American astronomer (1862–1924)

Margaretta Palmer (1862–1924) was an American astronomer, one of the first women to earn a doctorate in astronomy.
She worked at the Yale University Observatory at a time when woman were frequently hired as assistant astronomers, but when most of these women had only a high school education, so Palmer's advanced degree made her unusual for her time.

==Early life and education==
Palmer was born to a farming family in Branford, Connecticut on August 29, 1862, and completed a bachelor's degree at Vassar College in 1887. At Yale, she took two classes in astronomy with Maria Mitchell, although her graduation address concerned Greek tragedy. After graduating, she worked as an assistant to Mitchell and as a Latin instructor at Vassar for two years.
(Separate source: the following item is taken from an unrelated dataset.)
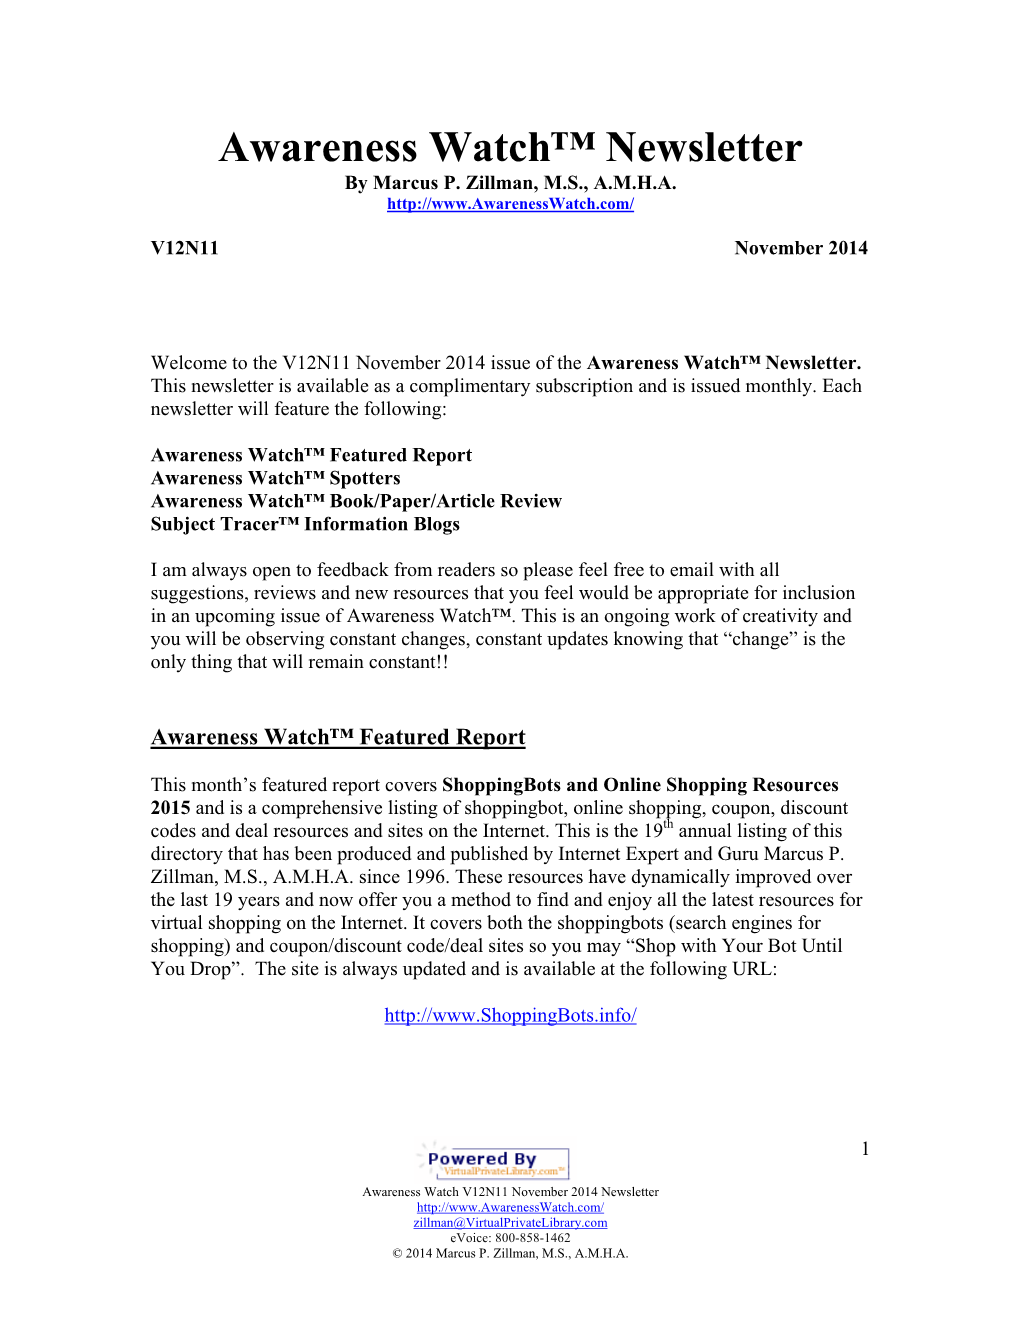 Awareness Watch™ Newsletter V12N11 November 2014

In 1889 she was hired by the Yale University Observatory, and in 1892 she was admitted to graduate study at Yale University. Her 1894 doctorate was from the mathematics department at Yale, but its subject was astronomy, as it concerned the calculation of the orbit of a comet C/1847 T1 discovered in 1847 by Maria Mitchell. Palmer's thesis noted that the comets she chose to study were chosen partially because they had been discovered by women. She was one of the first seven women to earn a doctorate at Yale. It has been suggested that she was "the first woman ever to earn a doctorate" in astronomy, although fellow astronomer Dorothea Klumpke earned a Doctor of Science degree from the University of Paris in 1893. It would be over 30 years before another woman, Cecilia Payne-Gaposchkin, became the first doctorate in astronomy at Radcliffe College.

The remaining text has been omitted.